Bechler treated for heat exhaustion

Orioles notebook

2 players say pitcher, 23, collapsed during run in hot, humid weather

February 17, 2003|By Roch Kubatko | Roch Kubatko,SUN STAFF

FORT LAUDERDALE, Fla. - The Orioles received a scare during yesterday's spring training workout when pitcher Steve Bechler was overcome by the heat while running and left the stadium by ambulance.

Bechler, 23, was taken into the clubhouse on a cart, with assistant trainer Brian Ebel gripping his jersey to keep him steady. He lay on the trainer's table with his legs elevated and began shaking before paramedics arrived.

A third-round draft pick in 1998, Bechler entered the clubhouse at 11:35 a.m. and remained on the premises until being wheeled out on a stretcher at 12:12 p.m. By then, two Fort Lauderdale Fire Rescue vehicles had pulled into the parking lot. Bechler wore an oxygen mask, his eyes partially closed, and received intravenous fluids.

While snow blanketed the East Coast yesterday, temperatures here in the early afternoon reached 81 degrees with 70 percent humidity.

The initial diagnosis on Bechler was heat exhaustion and dehydration, and club officials were awaiting an update on his condition. Bechler was staying overnight for observation in a local hospital, the team said.

"Steve was probably half to 60 percent of the way through it when we noticed he was a little white-faced and leaning up against the fence between reps, which is not unusual when guys get tired," said manager Mike Hargrove. "I had Brian Ebel go over and check him, and Steve sat down. I said, `Let's get him out of this,' and called for some PowerAde to be brought out, and we put him on a cart and called the paramedics.

"They cooled him off, took his blood pressure and gave him fluids, but as he laid there he got worse. It scares the hell out of you."

Two players said they saw Bechler collapse in the grass as he attempted to complete the run. He looked pale and dazed as he sat in the cart.

"He was really, really incoherent," said pitcher Matt Riley. "He was finishing the run and fell down. It doesn't look too good. It's really humid out there, and it's hard to stay hydrated. I just hope he's all right."

The Orioles coaching staff has divided the daily workouts into 12-minute stations, with water breaks in between. Players are encouraged to drink plenty of fluids, especially since Minnesota Vikings lineman Korey Stringer died from heatstroke during the 2001 training camp.
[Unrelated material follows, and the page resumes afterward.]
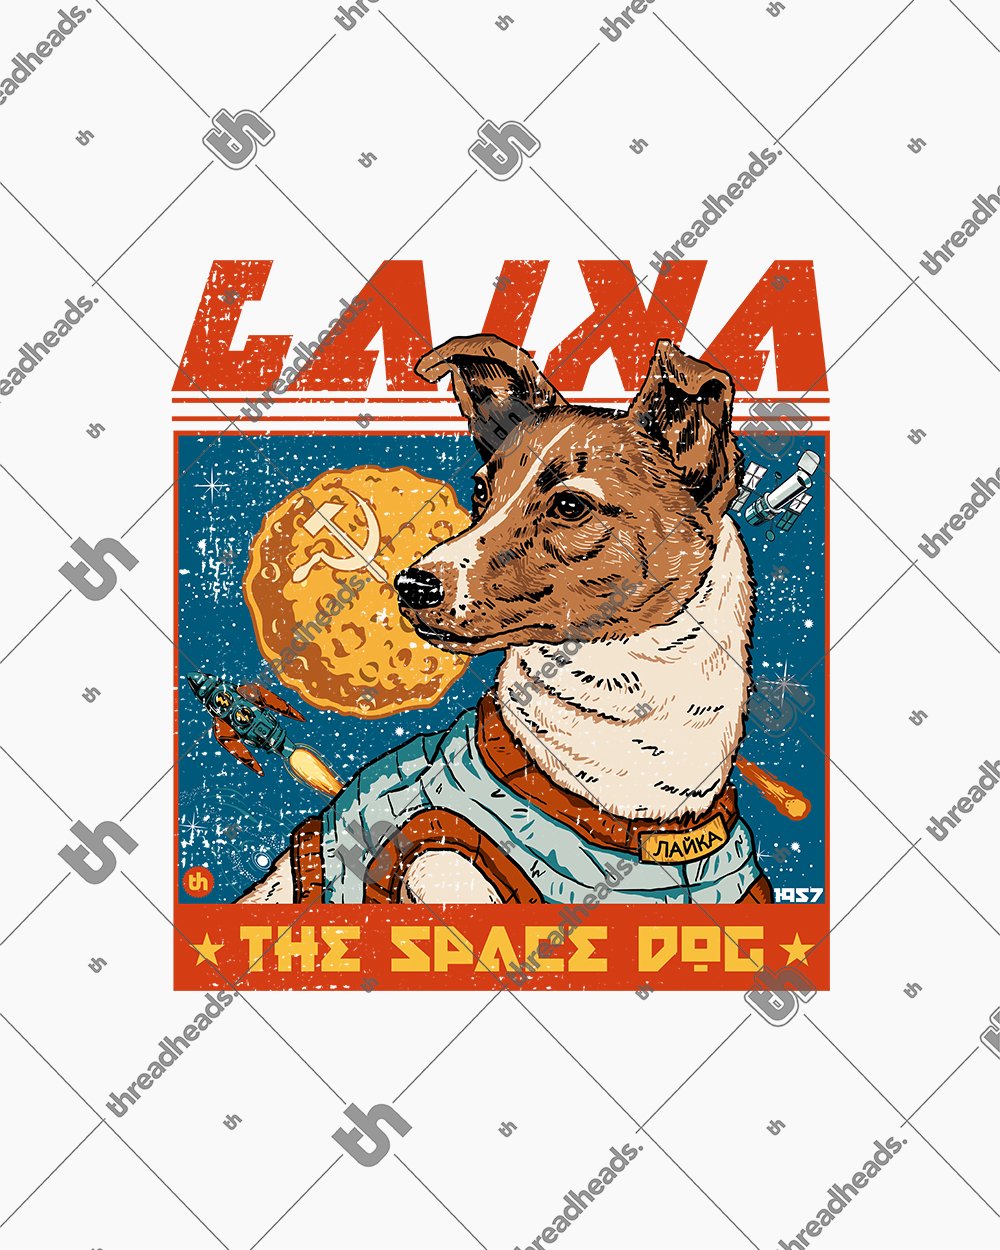 Laika the Space Dog T-Shirt Australia Online #colour_white

"There's plenty of water out there. Everybody stops to get some after every session," Hargrove said. "We have very competent medical people, and they were on top of it from the get-go, so I don't see how anything could have been done differently to keep this from happening."

Bechler arrived at camp Wednesday heavier than his listed weight of 239, and one coach questioned the amount of hours the right-hander devoted to getting in shape. He labored to complete Friday's run, which concluded the approximately three-hour workout, and was pulled off the field by Hargrove before finishing Saturday.

"That was more of a disciplinary thing than anything when we took him out," Hargrove said.

Asked to describe Bechler's conditioning, Hargrove said, "Not good."

"Back 20 or 25 years ago, everybody came into camp to get in shape, but that's not the game anymore. You come into camp in shape or you're behind. The conditioning we're doing, especially the first week, is nothing out of the ordinary."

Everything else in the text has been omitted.